On November 3 and 4, the Department of Homeland Security (DHS) held the first ever Targeted Violence and Terrorism Prevention (TVTP) Grantee symposium. The symposium brought together more than 200 representatives from 73 Grantees and partner organizations, to share promising practices, increase awareness of available DHS resources, and foster professional relationships among prevention practitioners. DHS, through its Center for Prevention Programs and Partnerships (CP3), works to prevent targeted violence and terrorism through funding, training, increasing public awareness, and developing partnerships across every level of government, the private sector, law enforcement, and in local communities across our country.
“Our Department is fundamentally one of partnerships. Through CP3 we support our partners and stakeholders in their efforts to prevent targeted violence and terrorism in their communities,” said Secretary of Homeland Security Alejandro N. Mayorkas. “DHS is committed to bolstering our partners’ capacity to identify potential risks and prevent tragedies.”
CP3 works to build safer communities that work together to prevent targeted violence and terrorism, by providing individuals and organizations with funding, training, increased public awareness, and the development of partnerships across every level of government, the private sector, and in local communities across our country. DHS’s approach to prevention mirrors other forms of prevention – like suicide prevention – with the focus on health and well-being. DHS believes prevention works because of the strong evidence base for prevention of other types of violence, like suicide and domestic violence prevention.
The TVTP Grants Program is administered by CP3 and the Federal Emergency Management Agency, and is the only federal grant program solely dedicated to enhancing targeted violence and terrorism prevention capabilities in local communities. Over the past three years, CP3 has invested $50 million in communities across the United States to prevent acts of targeted violence and terrorism, to include $20 million to 43 organizations in 2022.

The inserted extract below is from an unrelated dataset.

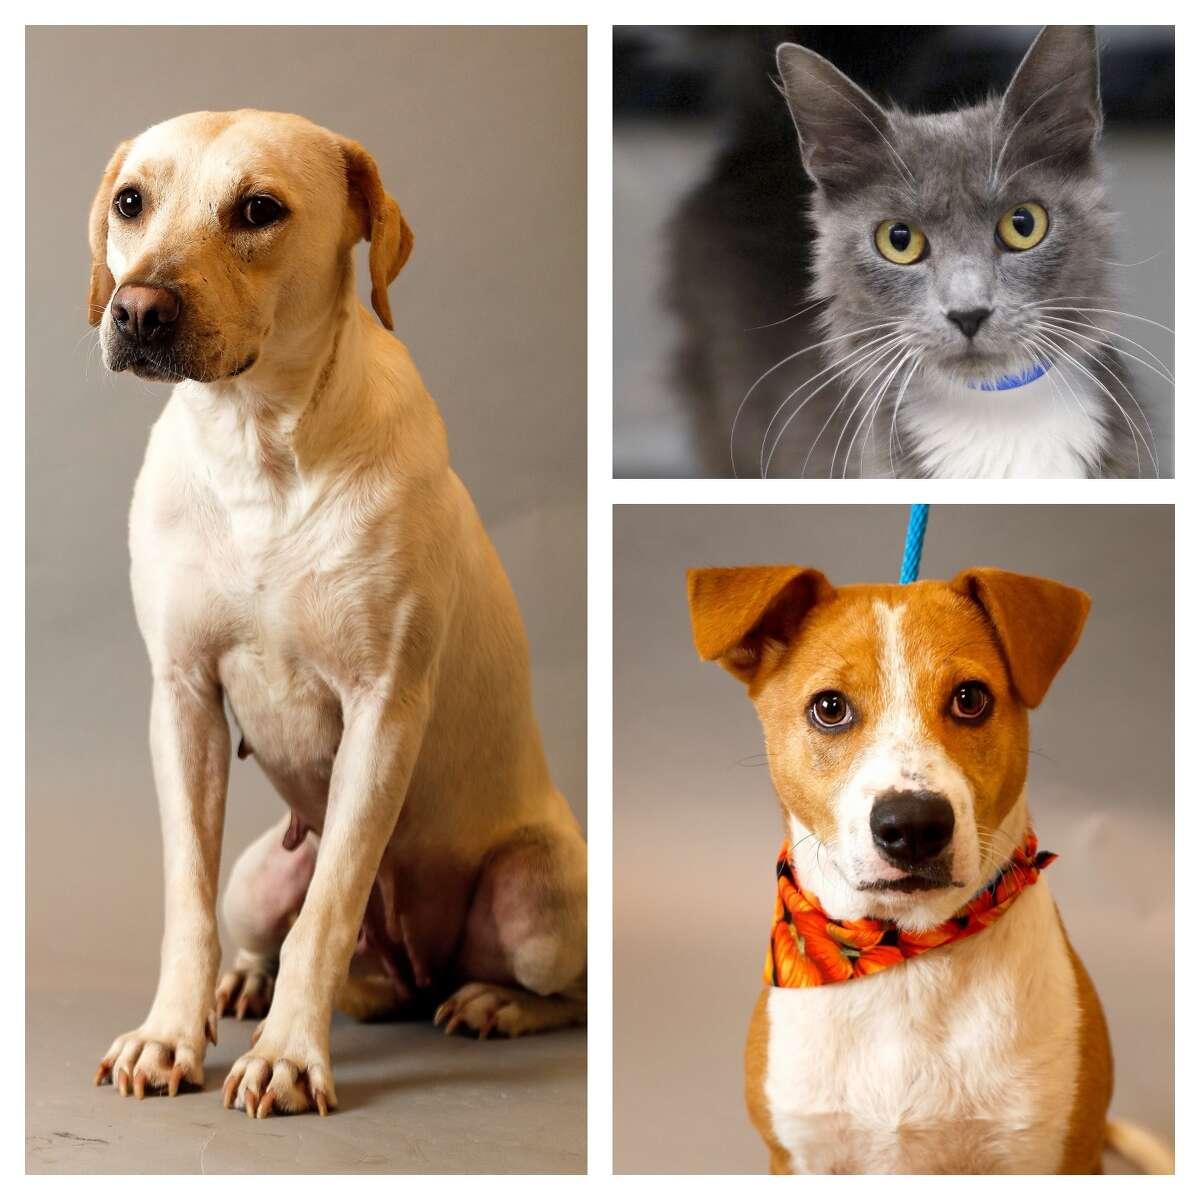 PETS OF THE WEEK: SPCA

“Our grantees are our partners, they are force multipliers, and they bring unique expertise and experiences that allow for the development of promising practices that are relevant to specific communities and across the country,” said Assistant Secretary for Counterterrorism, Threat Prevention, and Law Enforcement Policy Samantha Vinograd. “Many of the TVTP grantees have been collaborating online, but this inaugural symposium is essential to ensure grantees can share promising practices that will enable them to better support their communities.”
The symposium allowed for grantees to create and foster new partnerships, share the impact of their work, and make plans for future collaboration. Grantees organized panels on Building Awareness and Resiliency; Threat Assessment and Management Teams; and Evaluation and Metrics for Targeted Violence and Terrorism Prevention. Breakout sessions were held on Achieving Sustainability; Community Engagement and Communications; and School-based Interventions and Prevention Programming (K-12). One of the key discussions at the symposium was K-12 school-based interventions and prevention programming. The discussions centered around youth empowerment as a protective factor, communication and outreach with school administrators, and youth engagement and retention.
Following the symposium, CP3 will disseminate the promising practices, models for replication, and lessons learned through its Regional Prevention Coordinators and other engagement opportunities to allow partners to continue enhancing their prevention programming and further support strong partnerships amongst TVTP grant recipients.